**Stored data**
----
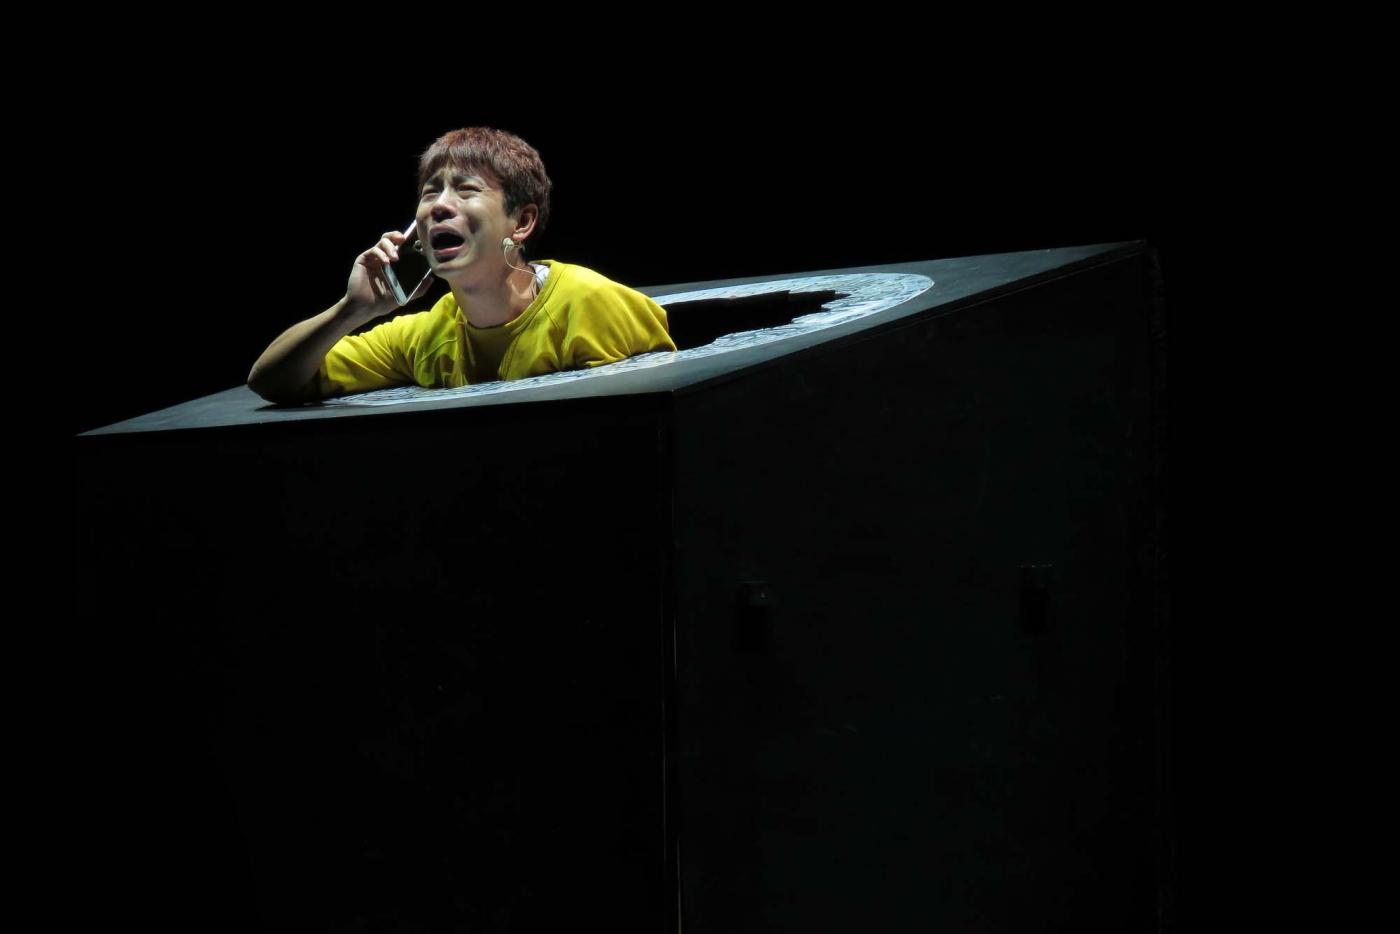 【达威】逆光下的舞台摄影_图1-5
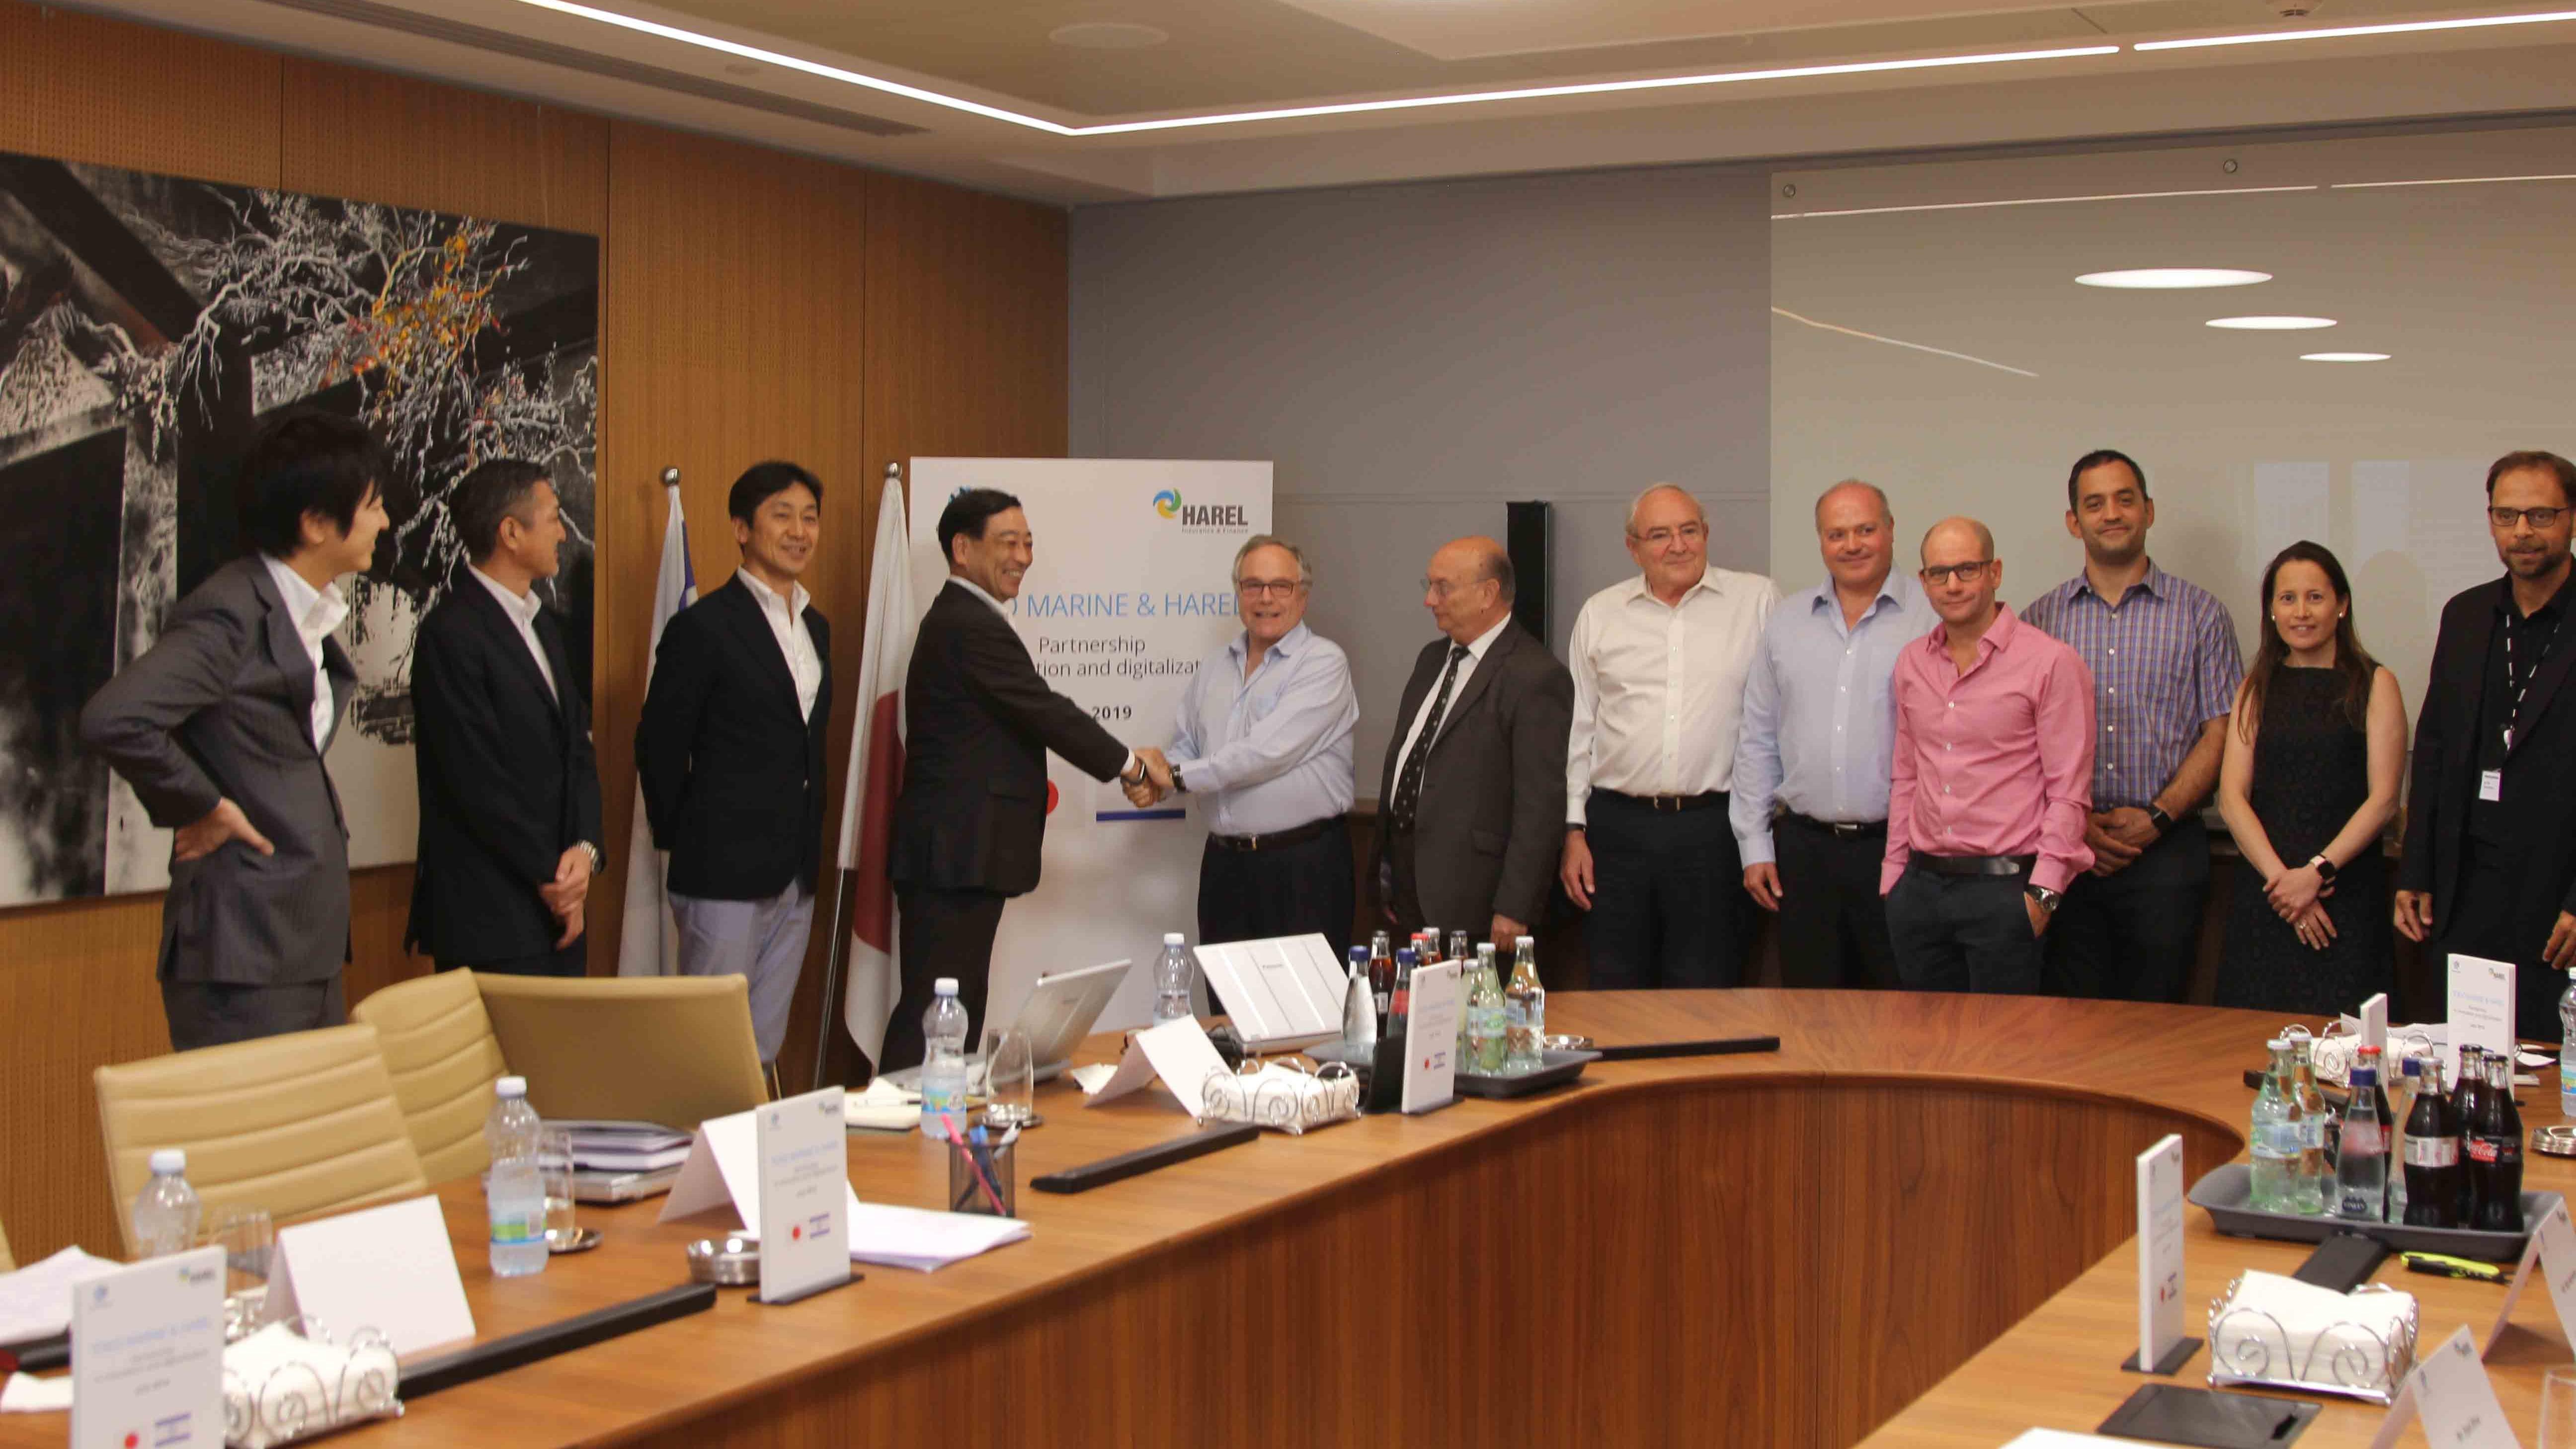 הראל ותאגיד הביטוח הגדול ביותר ביפן ישתפו פעולה בישראל בחיפוש אחר חדשנות והשקעות טכנולוגיות
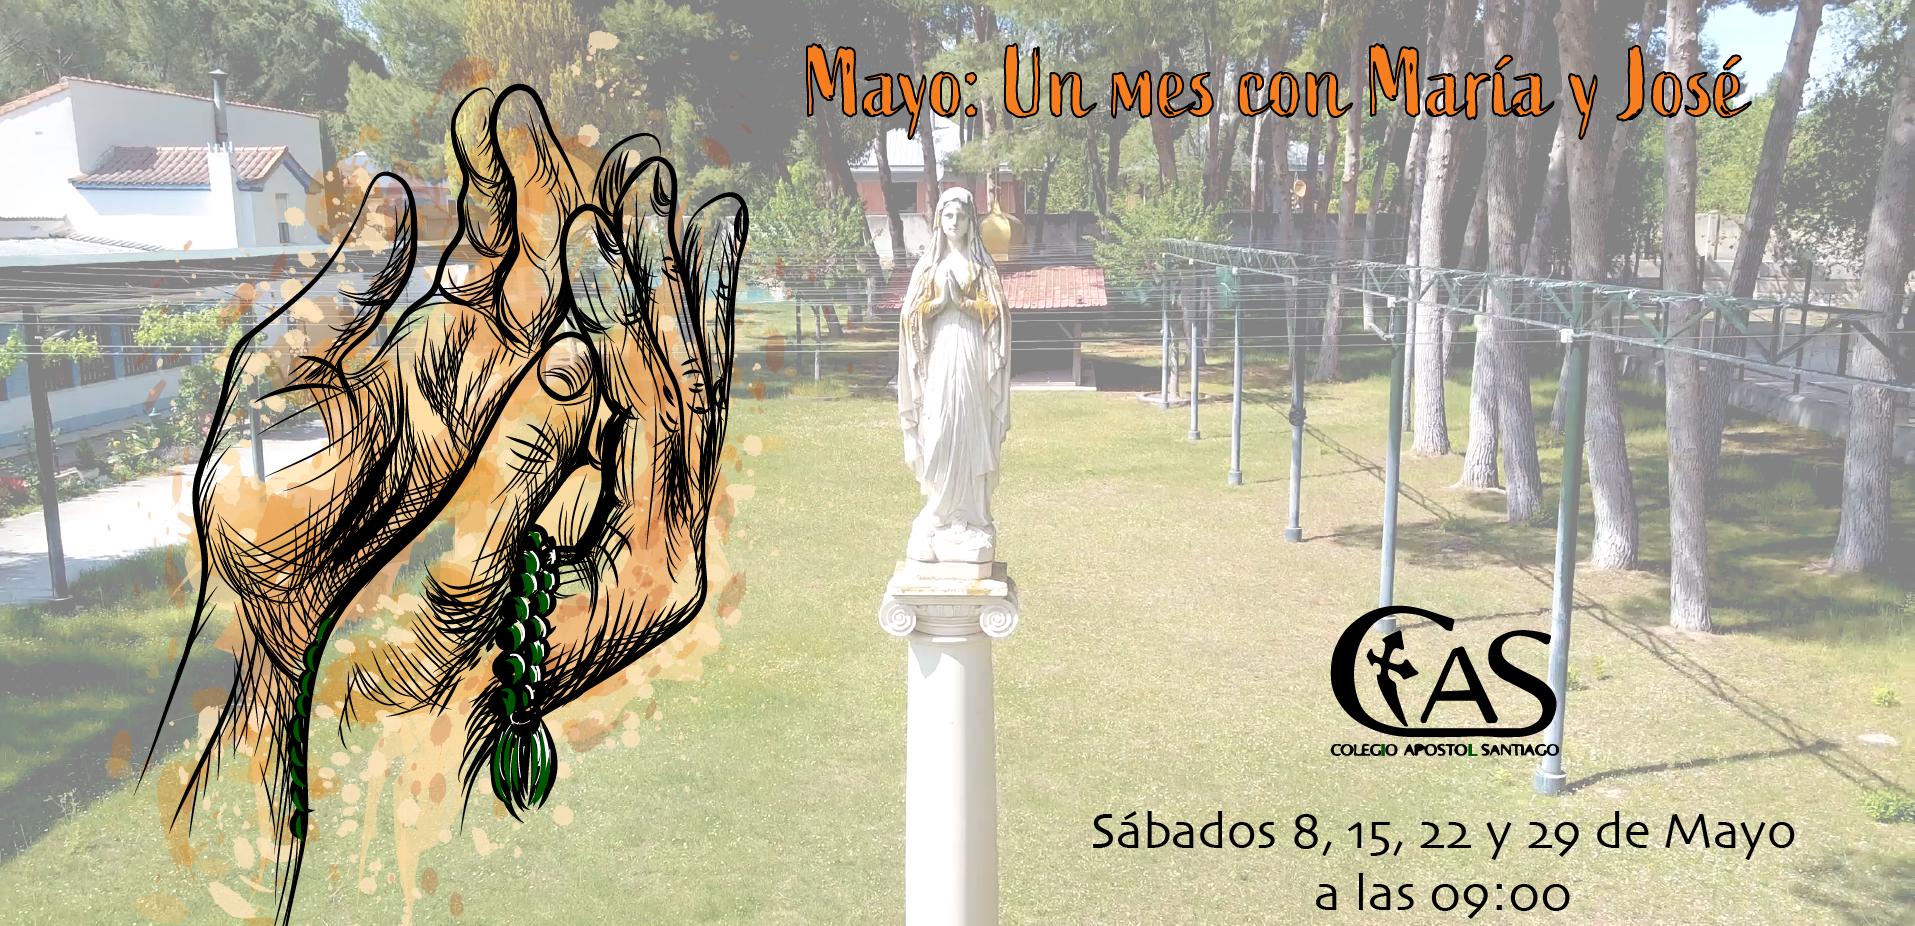 Mayo: un mes con María y José
----
**Exercise goal**
Your copy should begin at the line containing "הראל ותאגיד הביטוח" and end at the last line of the data above, matching each line exactly and holding no pictures.

**Solution**
 הראל ותאגיד הביטוח הגדול ביותר ביפן ישתפו פעולה בישראל בחיפוש אחר חדשנות והשקעות טכנולוגיות
 Mayo: un mes con María y José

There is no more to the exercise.